Aussi, MESSIEURS, comment eût-il été possible de ne se rendre pas aux volontés d’un Prince juste et équitable, qui, renonce à ses propres intérêts et qui a plus de soin de la sûreté, de l’honneur, et de la satisfaction de ses ennemis, que de ses propres avantages. On dirait qu’il est le Père commun de toute, l’Europe. Il est vrai qu’il a agi avec fermeté pour ses amis opprimés ; il a rompu les injustes fers des Princes ; il a mis Cologne à la raison ; il a ramené ce vaillant, mais que l’on peut dire ingrat, Electeur dans ses propres Etats, qu’il avait depuis peu si libéralement augmentés du fruit de ses propres Conquêtes ; il a ouvert les portes de Stettin, et rendu la Pomeranie à la Suède. Mais considérez d’un autre côté, avec quelle bonté il s’oublie soi-même, pour songer à guérir la jalousie des uns, et à réparer les pertes des autres. Il se remet en deçà des limites qu’il avait passées de si loin ; il redonne des places, et rend tout un pays, que ses conquêtes avoient traversé d’une manière que ce qui en restait ne pouvait subsister que par lui. Il offre de rétablir le Duc de Lorraine ; il laisse à l’Empereur le choix entre deux places : et c’est ainsi que fidèle à ses amis, juste et plein de bonté pour ses ennemis, désintéressé et facile pour ce qui le touche, il trouve le secret d’apaiser une cruelle guerre, en réparant les dommages des uns, en donnant tout aux autres, et se contentant pour lui d’une partie de ses Conquêtes, mais se réservant sur tout la gloire qui suit une action si noble et si généreuse.

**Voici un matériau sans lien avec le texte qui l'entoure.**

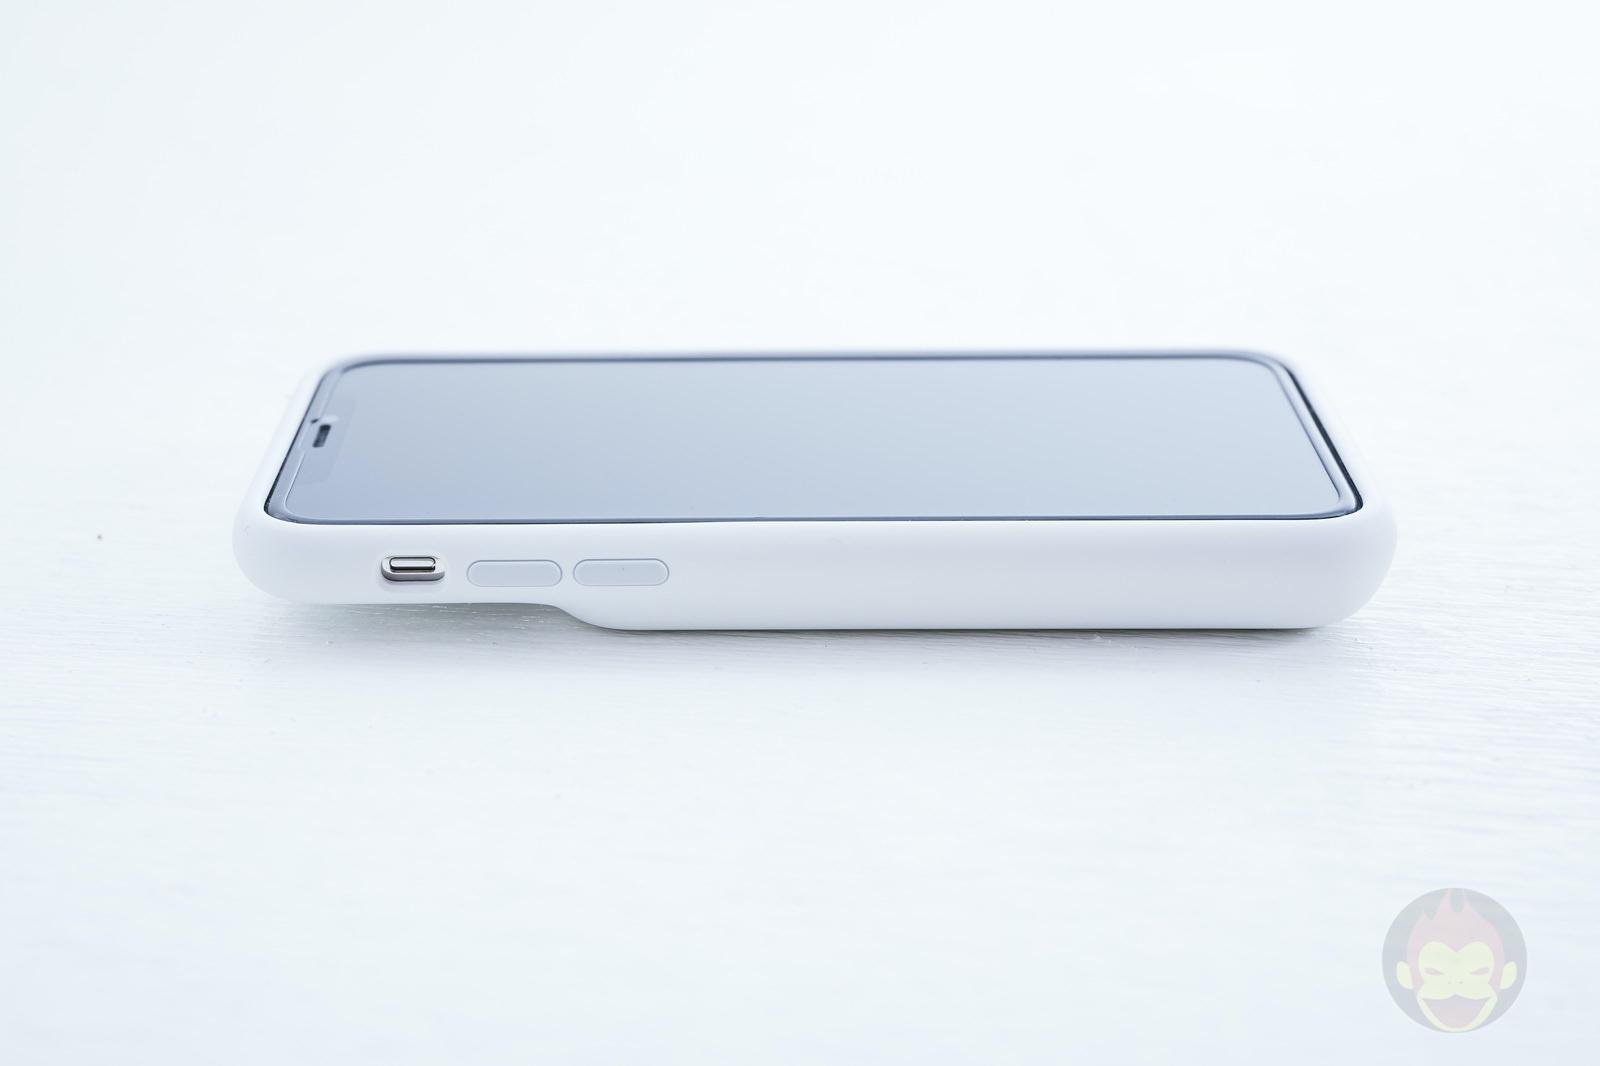 Smart-Battery-Case-for-iPhoneXS-Review-05.jpg

Elle vous demeurera toute entière cette gloire, Prince sage et valeureux et la mémoire n’en périra jamais. On verra plusieurs différents Traités, on y lira les noms des Médiateurs, des Plénipotentiaires, et des Ministres ; on y remarquera les différentes ratifications de plusieurs Souverains ; mais l’Histoire, mais les Panégyriques apprendront à nos neveux avec admiration, que tous ces Traités, ces noms, ces ratifications, sont de vains titres que vôtre bonté a tolérés, que vous seul avez été le Médiateur, et le Plénipotentiaire, que tant de Princes n’ont signé que pour reconnaître les dons de votre main libérale et pour se rassurer davantage de la crainte de vos armes ; Et qu’enfin ce grand ouvrage de la Paix a été conçu, et achevé par vôtre valeur, votre générosité, votre sagesse, et votre patience.

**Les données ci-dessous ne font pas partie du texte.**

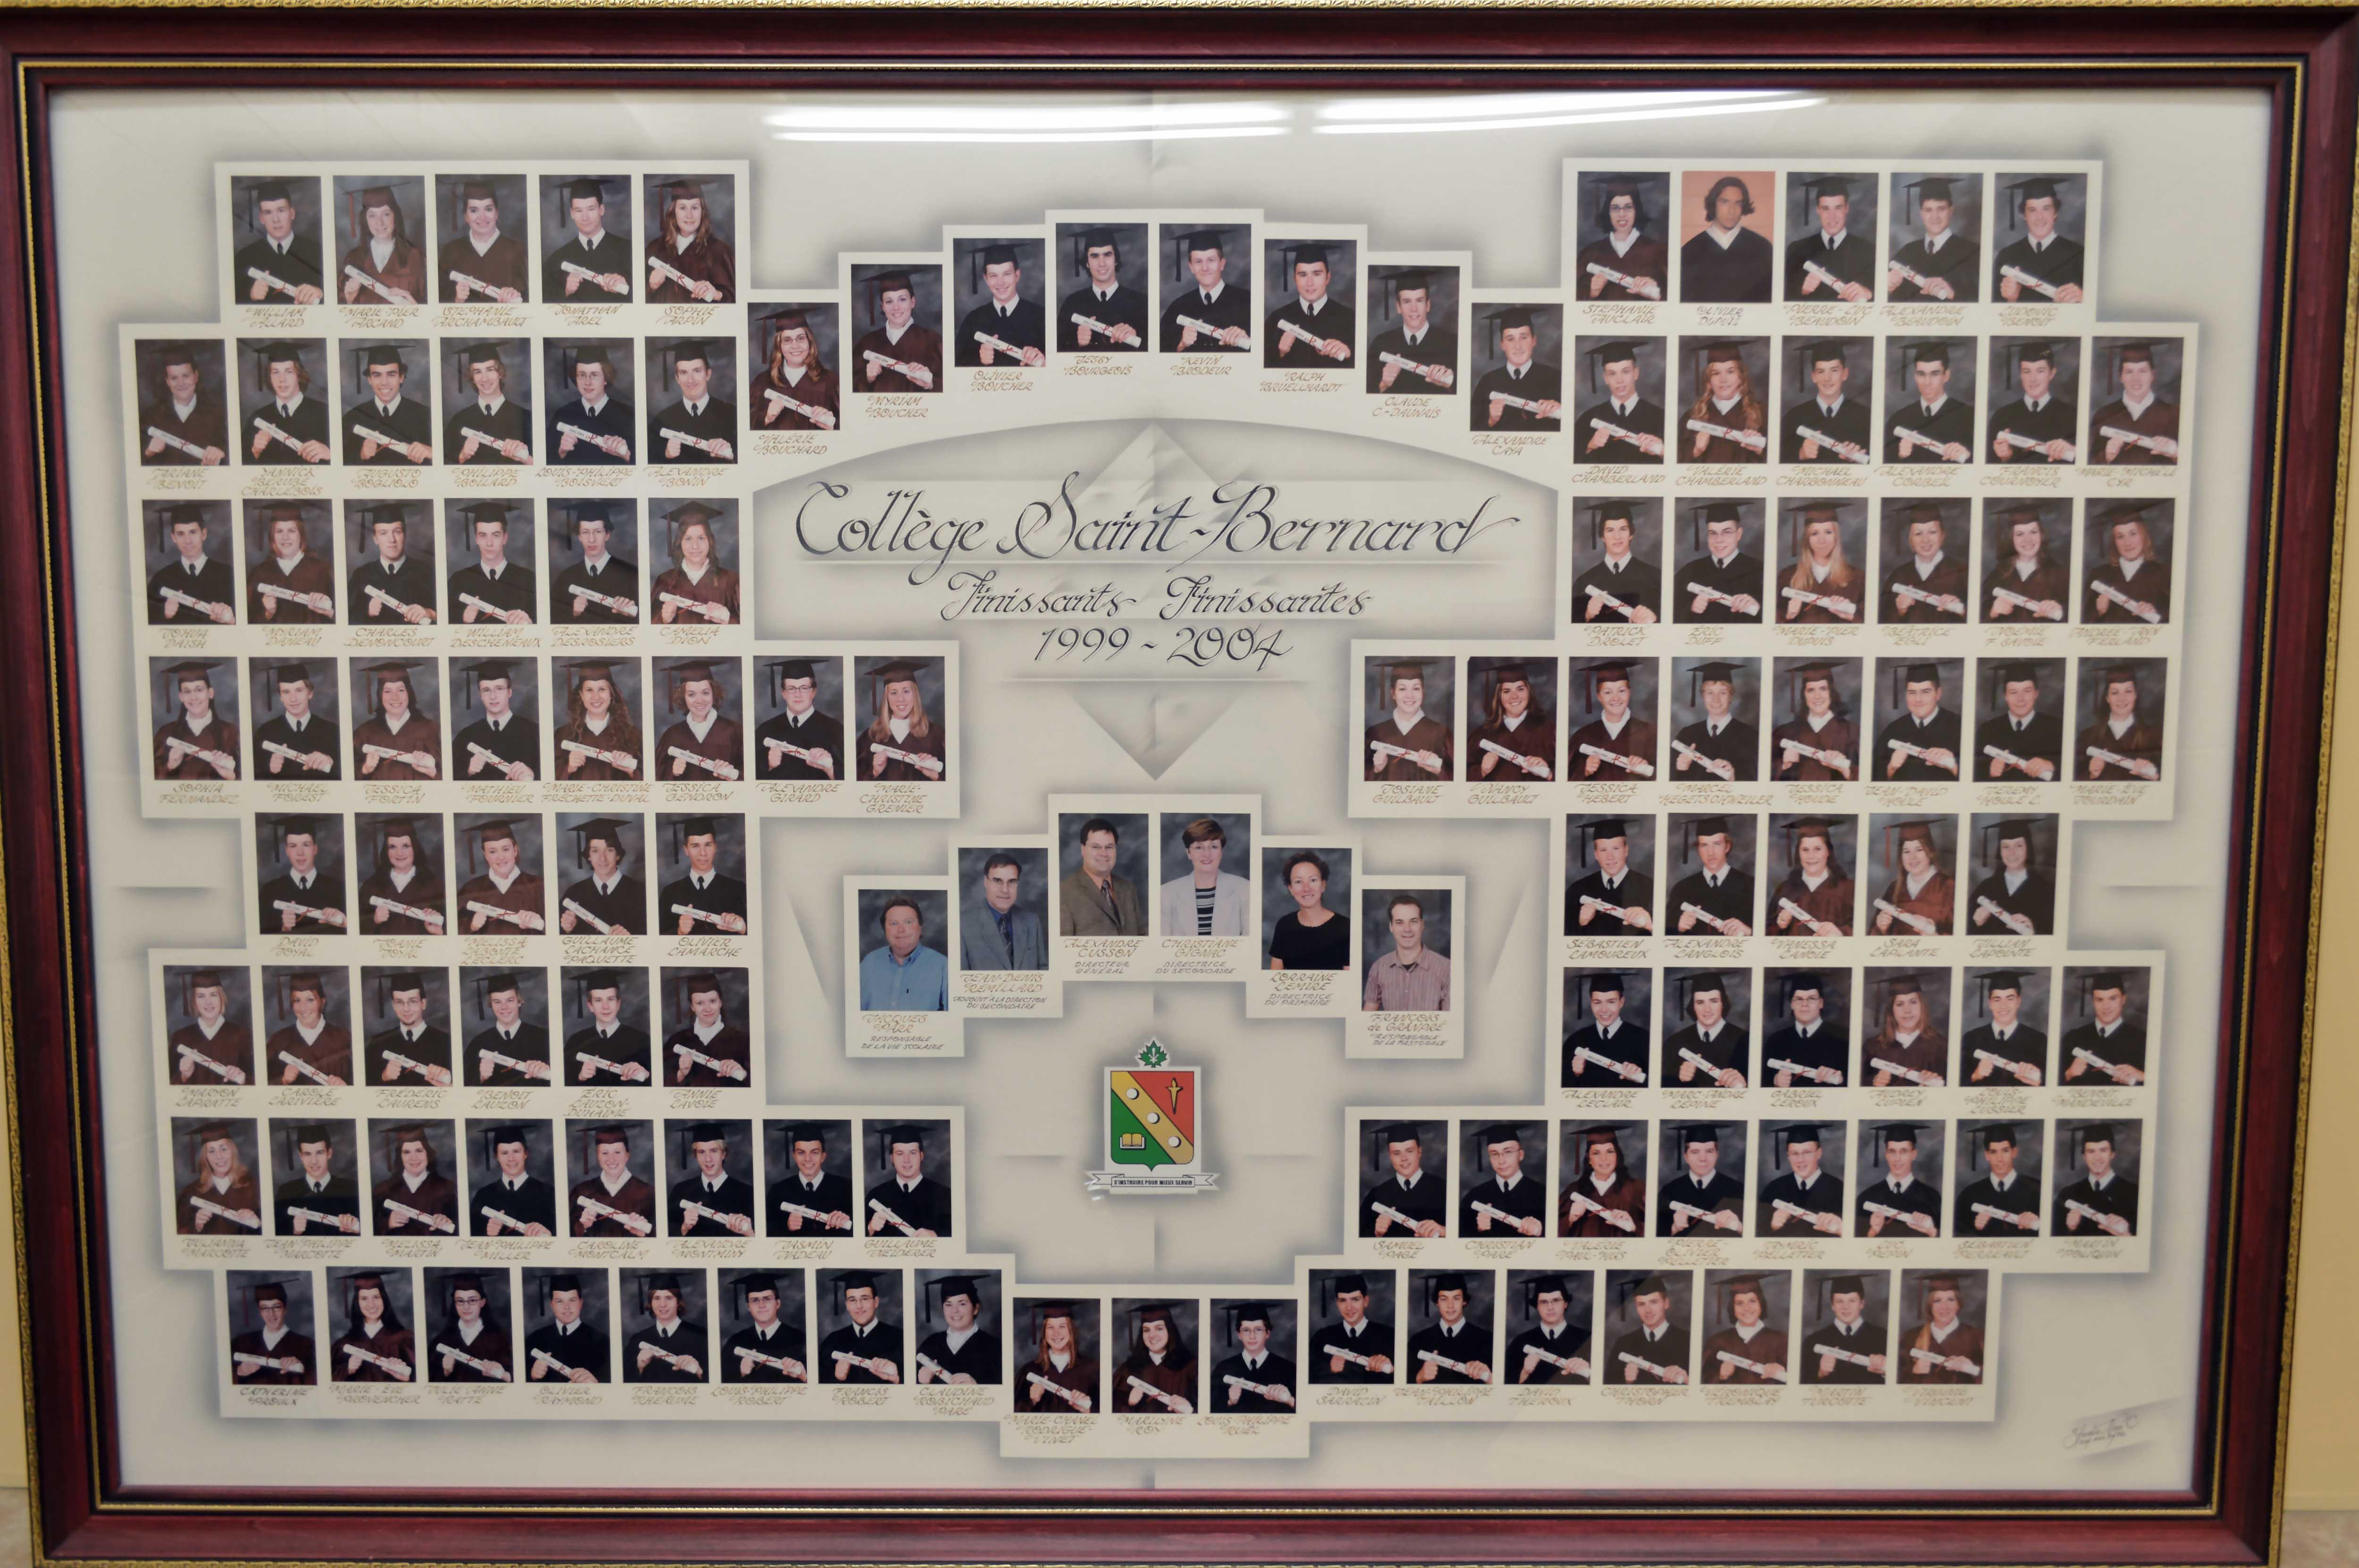 College-Saint-Bernard_Graduations-2003-04

Nous en jouissons, MESSIEURS, de cette Paix, et la jalousie, et la haine rendent enfin hommage à la souveraine vertu, nos ennemis réconciliés trouvent chez nous toutes sortes d’avantages, et y viennent chercher les fruits de la Paix que nous avons toujours conservée : ils partagent avec nous, nos vendanges, et nos moissons, et tout ce que nos fertiles terres offrent de délicieux et de nécessaire, et ils nous enlèvent encore quelque chose de plus précieux, puisque nous leur donnons une Reine, qui est la gloire du sang de nos Rois, et l’ornement de nôtre Cour. Que de biens vont suivre de si heureux commencements ! que de peuples soulagés ! que de misérables secourus ! que de savants récompensés ! Chaque jour nous va faire voir de nouvelles merveilles ; cependant pour consacrer les hauts faits d’armes d’un Roi toujours vainqueur, et pour célébrer cette Paix qu’il a bien voulu donner à la Terre, les Historiens, les Poètes et les Orateurs vont faire de nouveaux efforts, et les Peintres et les Sculpteurs nous feront revoir sur la toile et sur le marbre, toutes ces grandes actions qui lui ont acquis tant de gloire.

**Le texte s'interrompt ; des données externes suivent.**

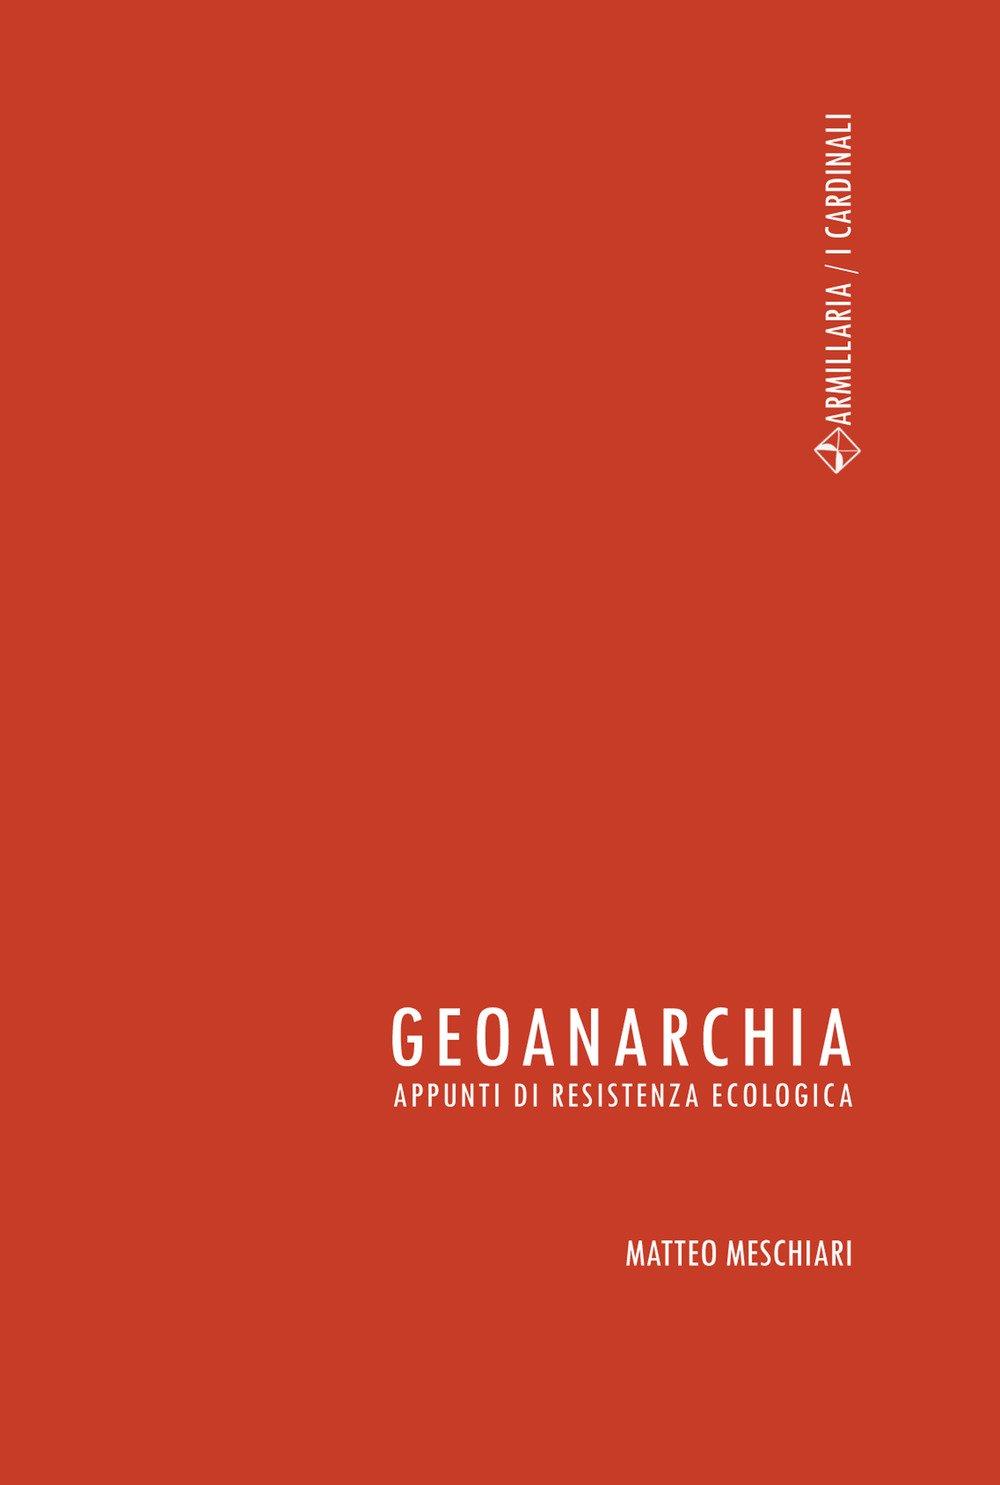 Leg.Geo – Geoanarchia di Matteo Meschiari

Déjà je vois s’élever un superbe Arc de Triomphe, et dans son immense grandeur, à peine peut-il contenir une partie de tant d’exploits mémorables, qui y seront représentés en mille manières ingénieuses, poétiques, et agréables. Je m’imagine voir à l’entour tout le peuple amoureux, et attentif à regarder avec admiration la vive image de tant d’extraordinaires évènements : ici on verra la Hollande éplorée se faisant un rempart de l’Océan, et Neptune qui lui avait cédé quelque partie de son Héritage pour tant de richesses dont chaque jour elle embellit son Palais, rompt avec son Trident, pour la sauver, les digues qu’il avait respectées : Là on verra des troupes qui passent le Rhin à la nage, les Naïades alarmées se sauvent dans des roseaux, d’où toutefois curieuses elles considèrent le jeune Héros, qui a la noble audace d’exécuter un pareil dessein. D’un côté l’on remarquera la fameuse Ville de Maastricht, on tremble encore à l’aspect de ses remparts, tandis qu’aux pieds du Conquérant elle vient implorer sa miséricorde. D’un autre côté l’on reconnaîtra les agréables rivages du Doux, et le fleuve plein de joie montre à la Saône à qui il porte le tribut de ses eaux, son urne nouvellement enrichie de fleurs de Lys ; Mais ce qui charmera sur tout, sera de voir la Victoire qui amène aux pieds du Roi mille peuples différents, et qui lui offre un monde, comme lui en promettant la conquête assurée, et ce généreux Prince lui présentant la Paix, lui fait connaître qu’il trouve plus de gloire à pacifier le monde qu’à le conquérir. Mille nobles inscriptions accompagneront ces magnifiques Monuments, et apprendront à la postérité la plus éloignée, que lors que la Fortune et la Victoire offraient à LOUIS LE GRAND toutes les couronnes de ses ennemis par une bonté et une modération sans exemple, il a donné libéralement la Paix à toute l’Europe.